Bragg's final career move was at the age of 64, when he was appointed Resident Professor at the RI. Yet again, his move was initially inauspicious. For various reasons, the Institution had gone downhill since the death in 1942 of his father, who had held the position for almost 20 years. By 1954, the place was in severe crisis, financially and managerially, but Bragg decided to accept the poisoned chalice, doubtless partly because of the long-standing family connection, partly because he had delivered lectures and courses there on a number of occasions, partly because of his concern that it should continue its work of bringing science to the general population. A very sad consequence of the RI crisis was that it had led to profound disagreements with senior members of the Royal Society, who shunned Bragg when he moved to London. But he succeeded in reviving the RI's rôle and reputation, expanding its activities in popular science lectures, especially to school children, whom he delighted by exploiting his great talent for simple explanations of difficult concepts. The problem of re-establishing effective research at the RI was overcome, again with the aid of the Medical Research Council, by arranging collaborations with Perutz and Kendrew, who had remained in Cambridge. Members of Bragg's RI group participated in determining the structures of myoglobin and haemoglobin, the first two proteins to be solved by X-ray crystallography. And then, the RI group on its own (including David Phillips, Colin Blake, Robert Poljak, Louise Johnson and myself) solved the structure and activity of the enzyme lysozyme, just in time for his 75th birthday. Bragg had given his continual and enthusiastic support to the group, although our increasing use of computer methods and automatic equipment was not sufficiently `hands-on' to really excite him.

As a Nobel Laureate, Bragg was involved with nominating candidates for Nobel Prizes, and Hunter gives an intriguing account of the behind-the-scenes activities that led to the awards in 1962 of the Nobel Prize in Chemistry to John Kendrew and Max Perutz, and the prize in Physiology or Medicine to Francis Crick, James Watson and Maurice Wilkins. This was a clear triumph for Bragg's Cambridge group. As Hunter says, Bragg seems to have found Crick something of an irritant in Cambridge – Crick had a penetrating voice and Bragg complained that `he makes my ears buzz'. Perhaps Bragg gave Crick insufficient credit for the crucial realization that the symmetry of the DNA unit cell showed that the molecule had to have two anti-parallel chains; maybe Bragg thought it was obvious, but the significance had escaped other workers.

During his professional lifetime, Bragg had been responsible for the birth of X-ray crystallography and had seen its applications grow from the smallest inorganic compounds through to the structures of biological macromolecules and macromolecular assemblies such as viruses and muscle. Despite his dislike of administration, he had been involved with setting up the X-ray Analysis Group of the UK Institute of Physics, and then in 1948 of the International Union of Crystallography, of which he was the first President.

A couple of years after his arrival in Manchester, Bragg married Alice Hopkinson; the marriage was remarkably successful, her outgoing personality compensating for his reserved character, and her strength supporting him through difficult times.

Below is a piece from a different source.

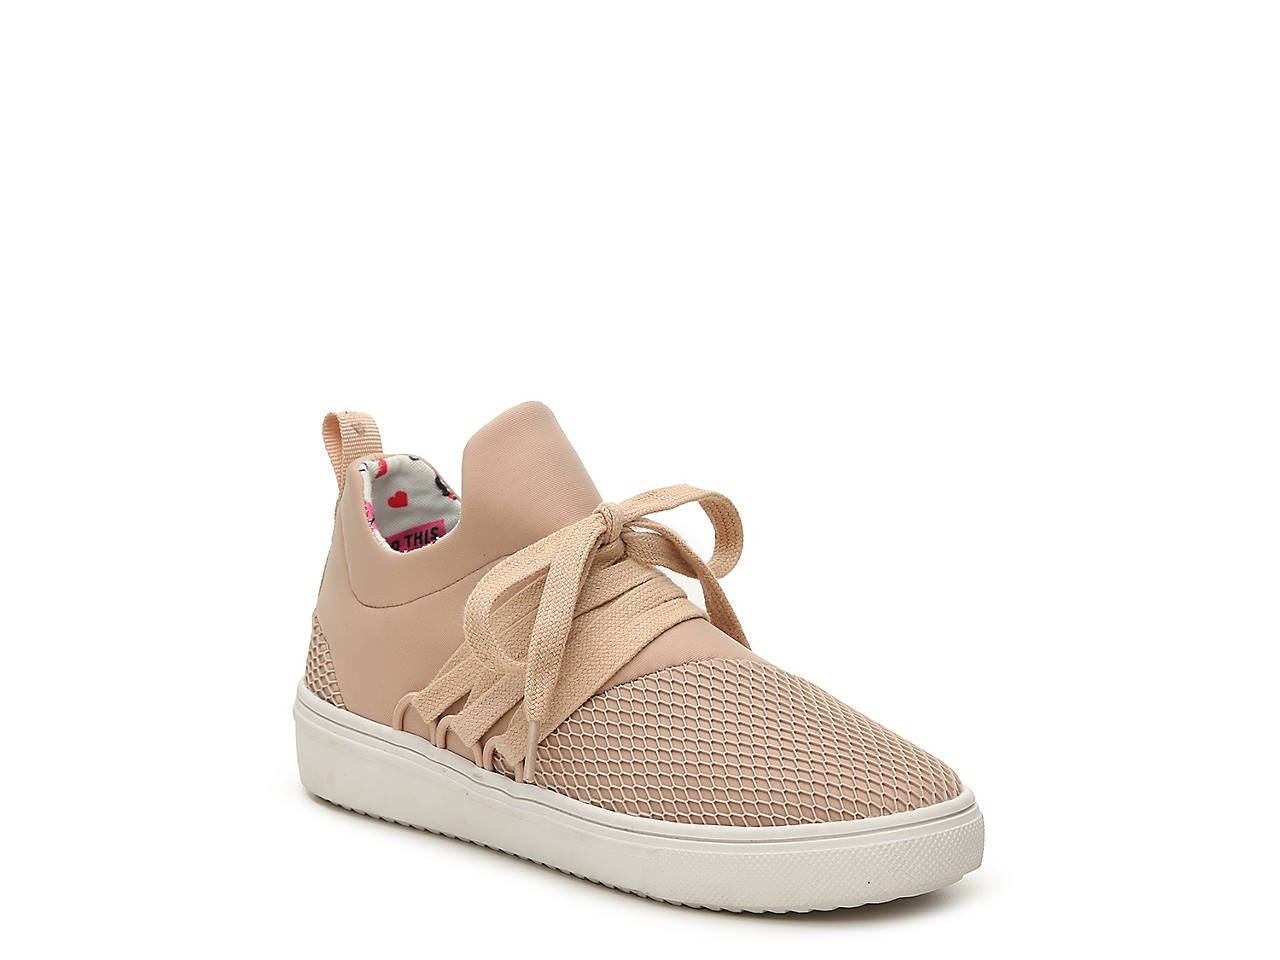 fe73be2cf7f Steve Madden. Lancer Toddler   Youth Sneaker. InStock.  39.99. Minimum Clearance  Price ...

Graeme Hunter's biography skilfully interweaves detailed discussions of the scientific problems that he faced and how he solved them with accounts of the family circle, their travels at home and abroad and their interactions with their very wide circle of friends.

Having known Bragg, I was delighted to read Hunter's account, which succeeds in bringing him to life, contrasting the leaps of imagination with which he solved a succession of scientific problems with his `ordinariness' and humility, as shown by his readiness to talk to juniors as equals and his clear enjoyment of lecturing to children. This first biography of Bragg is an excellent read.